Biodiversity conservation is a top priority in the face of global environmental change, and the practical restoration of biodiversity has emerged as a key objective. Nevertheless, the question of how to effectively contribute to biodiversity restoration and identify suitable systems for such efforts continues to present major challenges. By using genome-wide SNP data, our study revealed that populations from different mountain ranges of the Formosan Long-Arm Scarab beetle, a flagship species that receives strict protection, exhibited a single genetic cluster with no subdivision. Additionally, our result implied an association between the demographic history and historical fluctuations in climate and environmental conditions. Furthermore, we showed that, despite a stable and moderately sized effective population over recent history, all the individuals we studied exhibited signs of genetic inbreeding.
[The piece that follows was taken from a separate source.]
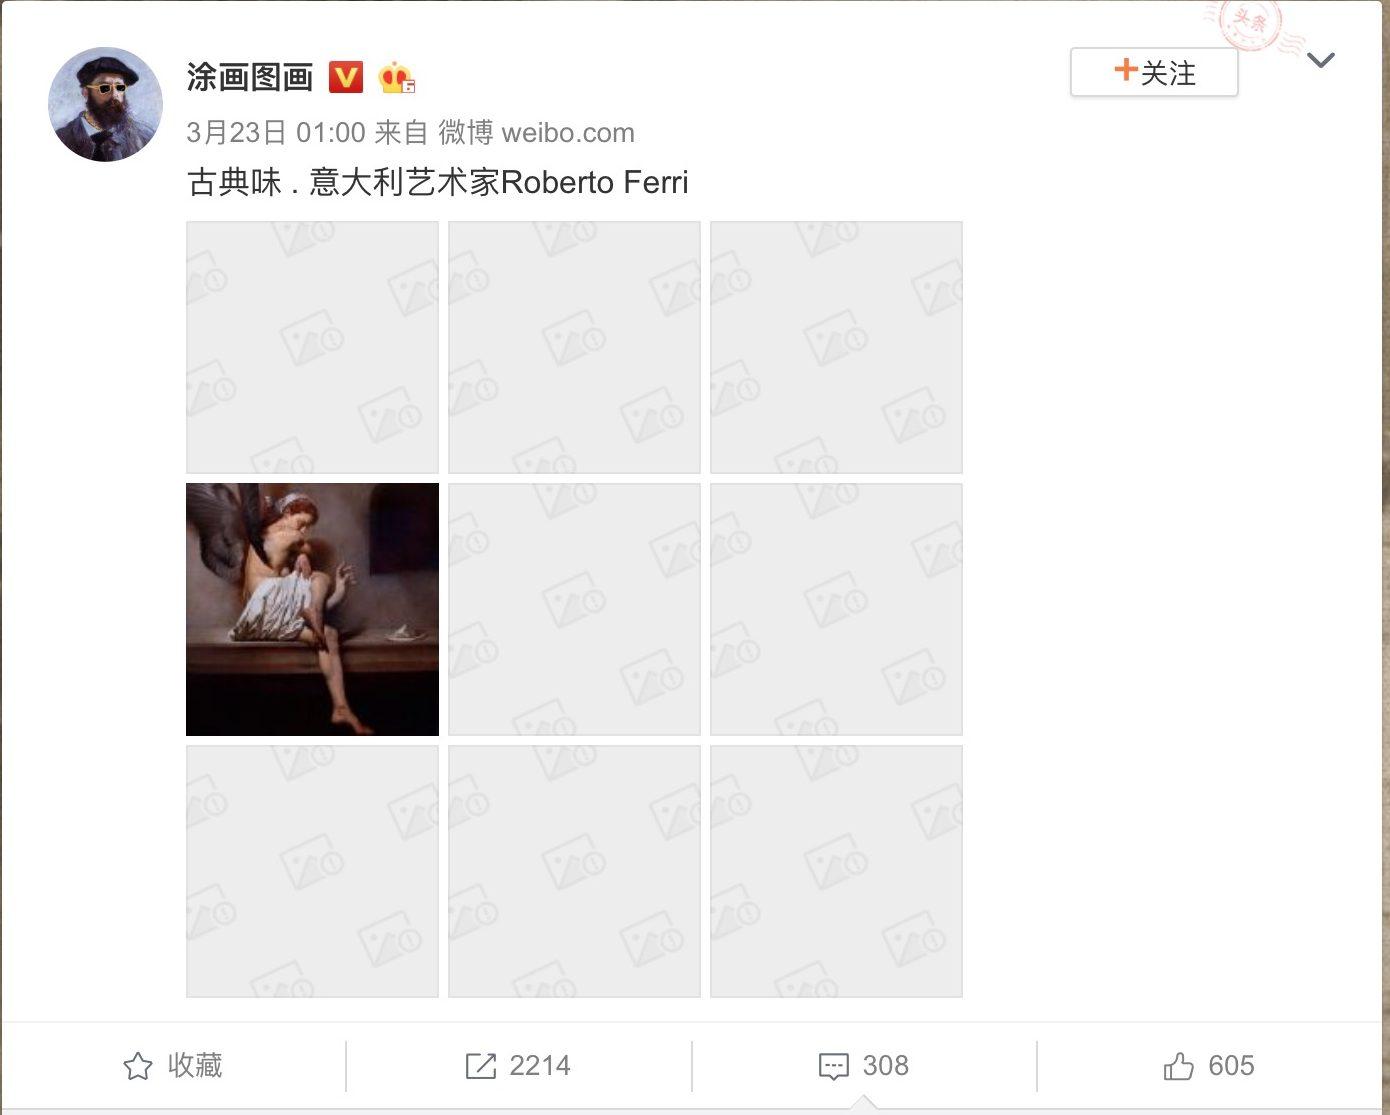 """【图说天朝】""""九宫八挂图"""":微博把名画屏蔽成了刮刮乐"""

We argued that the current practice of protecting the species as one evolutionarily significant unit remains the best conservation plan and that recent habitat change may have led to the pattern of significant inbreeding. We closed by emphasizing the importance of conservation genetic studies in guiding policy decisions and highlighting the potential of genomic data for identifying ideal empirical systems for genetic rescue, or assisted gene flow studies.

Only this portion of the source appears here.